I note that despite these serious pressures, when drought hit in summer 2022 and farmers and the natural environment in the region took something of a beating there were no hosepipe bans put in place by companies like Anglian Water. I ask whether they might have helped ease the pressure.

Johns says that because the region is dry, water companies there have invested a lot already in resilience measures. Added to that, groundwater – which provides a large amount of water regionally – is naturally resilient to the kind of short, sharp conditions seen in ’22. “It’s only when you get severe and long periods of drought that you’ll need temporary use bans or more severe restrictions in the east of England” he says.

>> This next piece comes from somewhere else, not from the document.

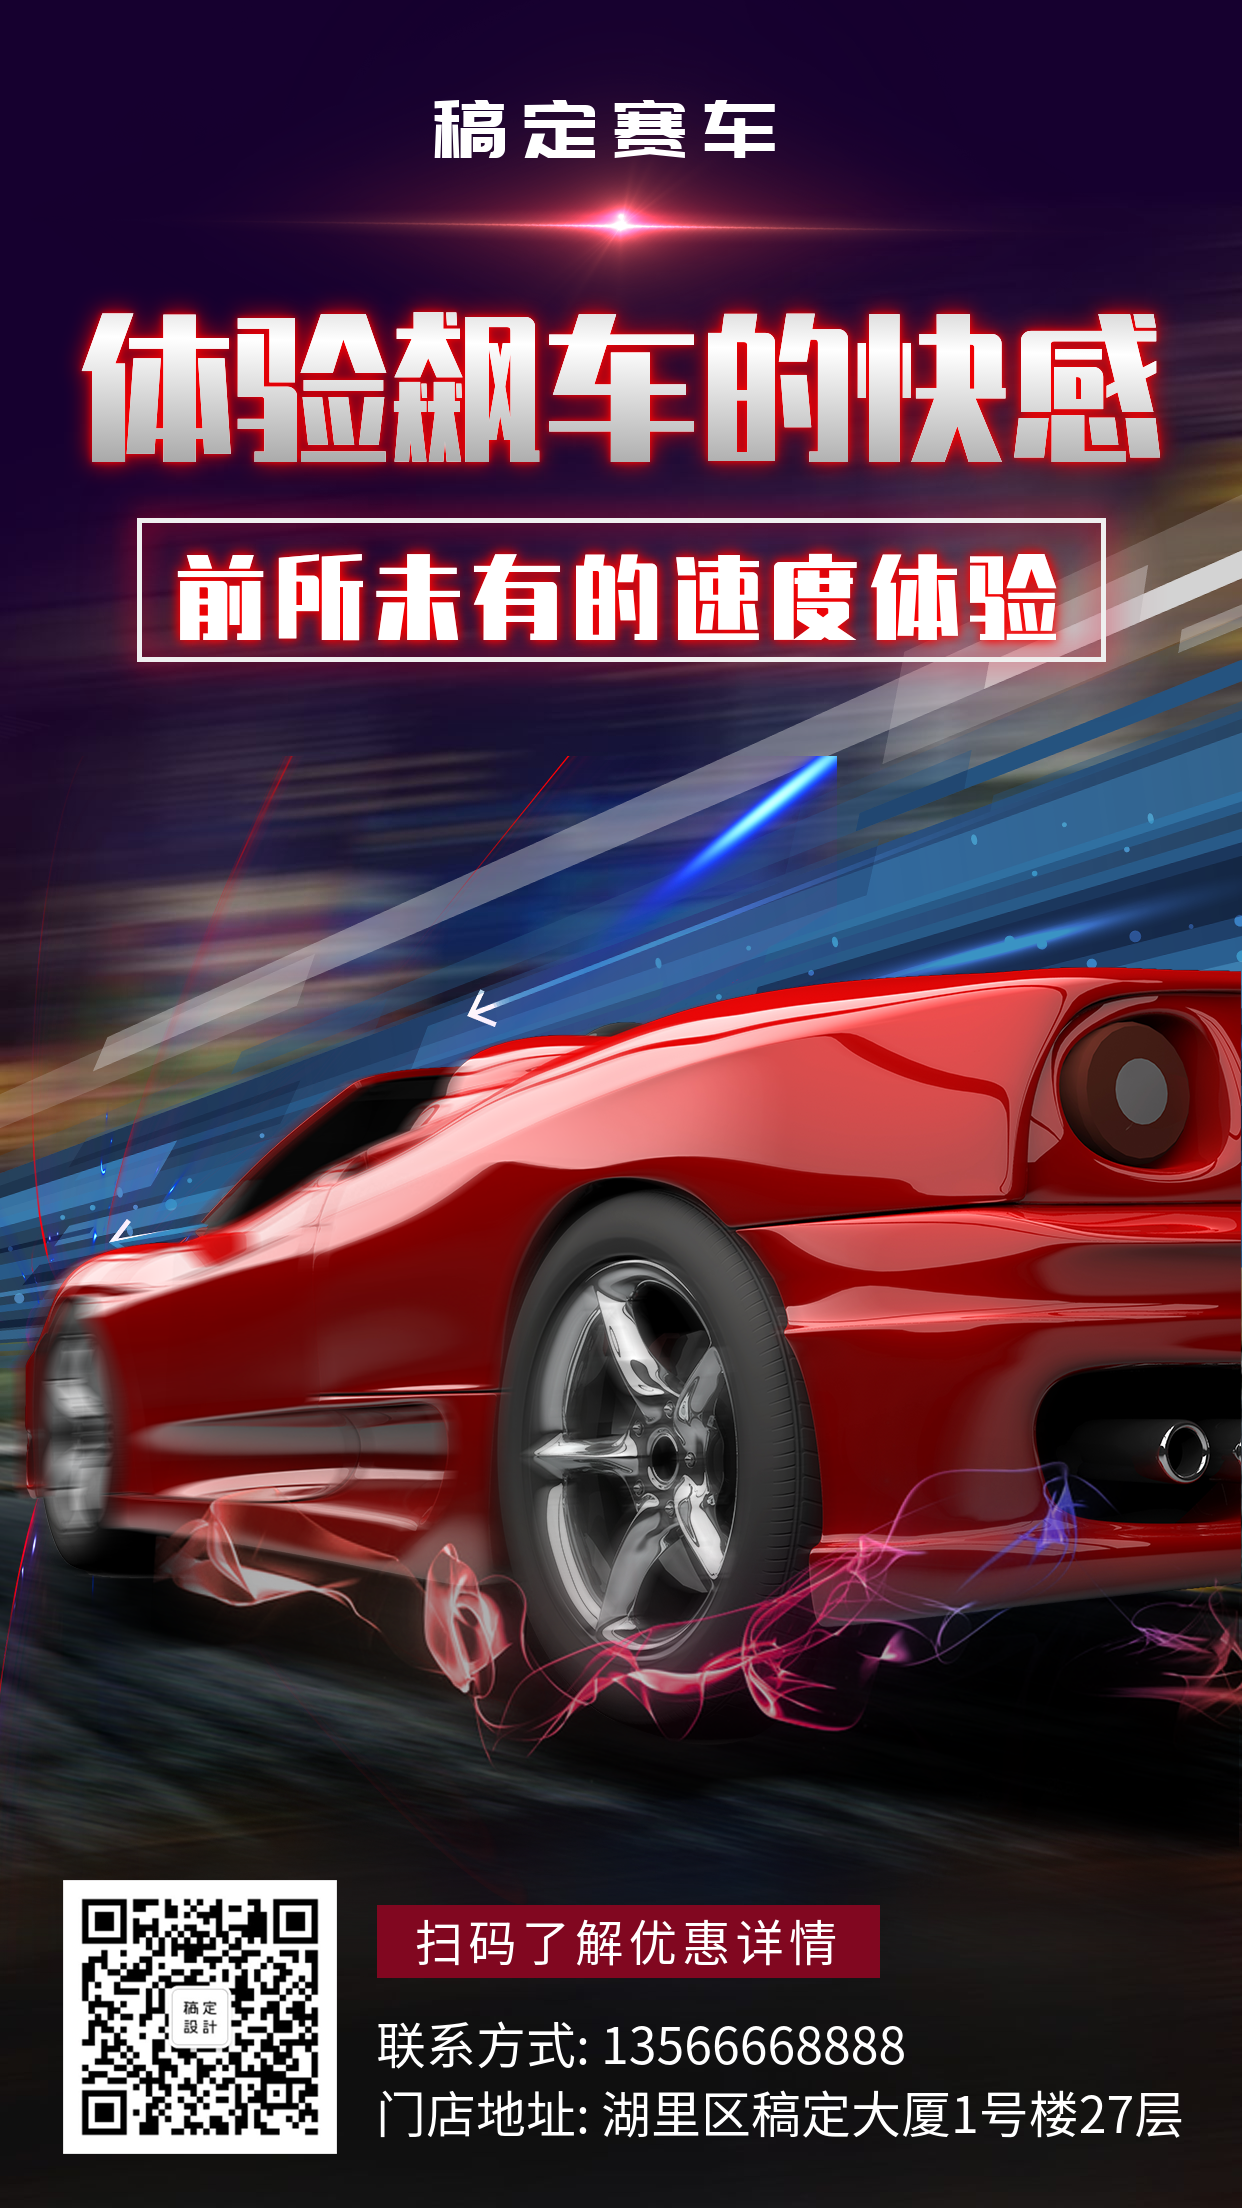 赛车酷炫产品推广手机海报预览效果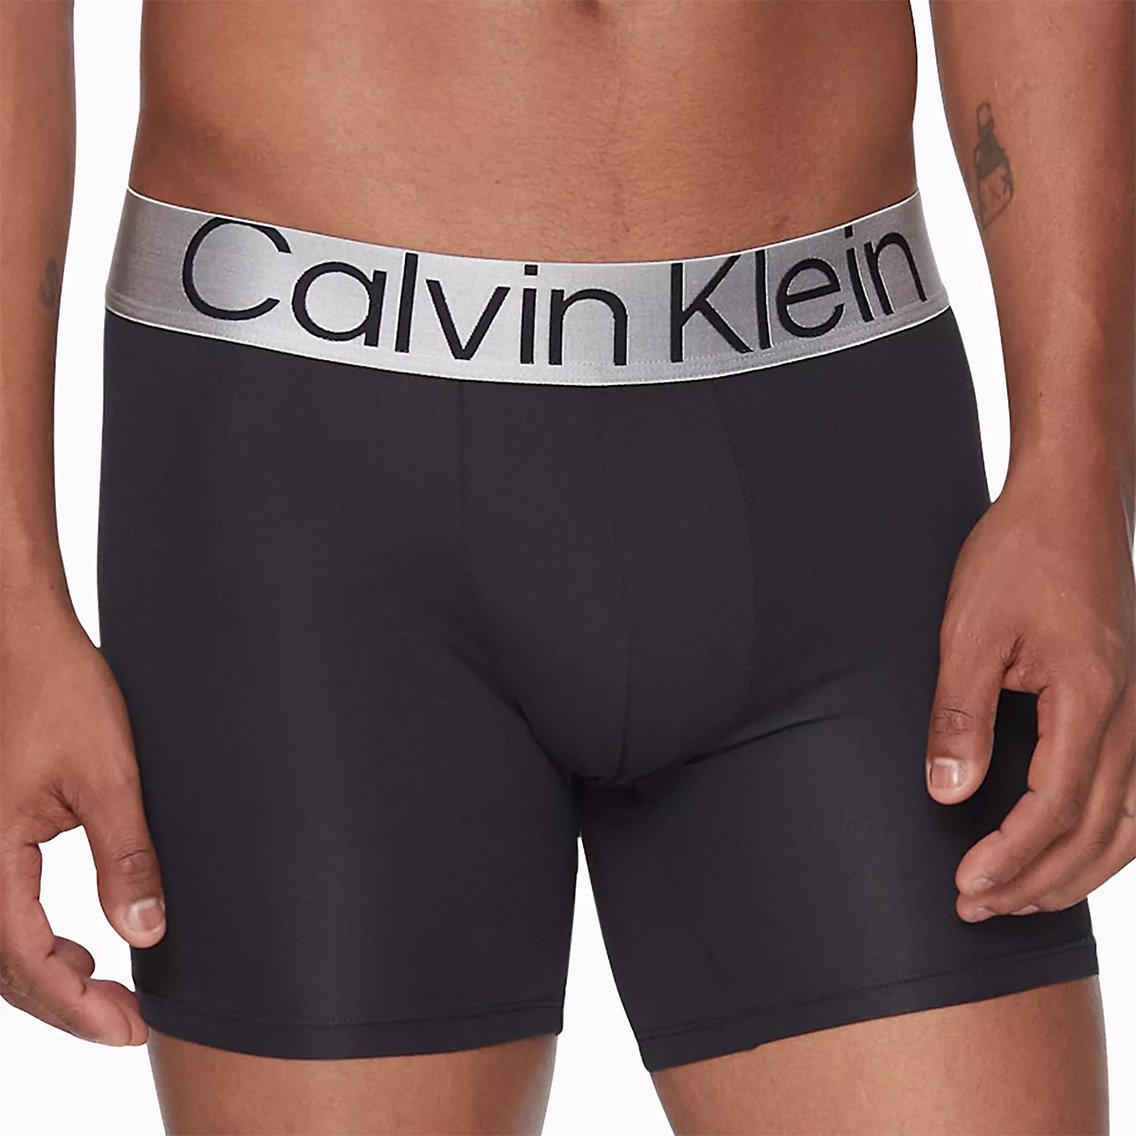 Calvin Klein(カルバンクライン)[NB3075-903]:ボクサーパンツ,男性下着

He explains the reason why agriculture and the environment did suffer particularly is because farmers rely on direct abstraction. WRE is now working directly with the agricultural sector to develop water resources plans and drought plans to be able to manage water needs better.

“The principles are the same as those used by the water industry. While the infrastructure and scale is different there’s a lot that can transfer across” Johns tells me. He says at the moment individual farmers are relying on their own abstraction licenses and part of the answer lies in them sharing, pooling and trading licenses according to their needs from year to year. That needs more strategic planning.

Collaboration

It’s early days in progressing all this despite quite a lot of discussion but Johns points to examples like the Lower Nene Partnership where the water company and local farmers have been sharing water when needed for several years. And he says elsewhere a group of farms have created a company with shared water licences and common infrastructure, allowing them to divide up and pay for the water they need in more of a cooperative approach.

Other approaches like the Norfolk Water Strategy programme is bringing together local authorities, the water company, abstractor groups and nature bodies to understand how nature-based solutions can be deployed – and financed – at a landscape-scale to reduce pressure on resources.

“Everyone has a role in enabling this” asserts Johns. The Environment Agency as the regulator of abstraction licences, the water companies, abstractor groups, councils, businesses, financial institutions.

Which brings us back to the start and WRE’s constitution. It has almost 200 member organisations each of whom can feed into WRE’s planning and decision-making. Crucially – whether they’re on the WRE Board or not – they have the same voting rights and influence.

It feels like a model that should breed properly collaborative and integrated, future-facing, landscape-scale water management.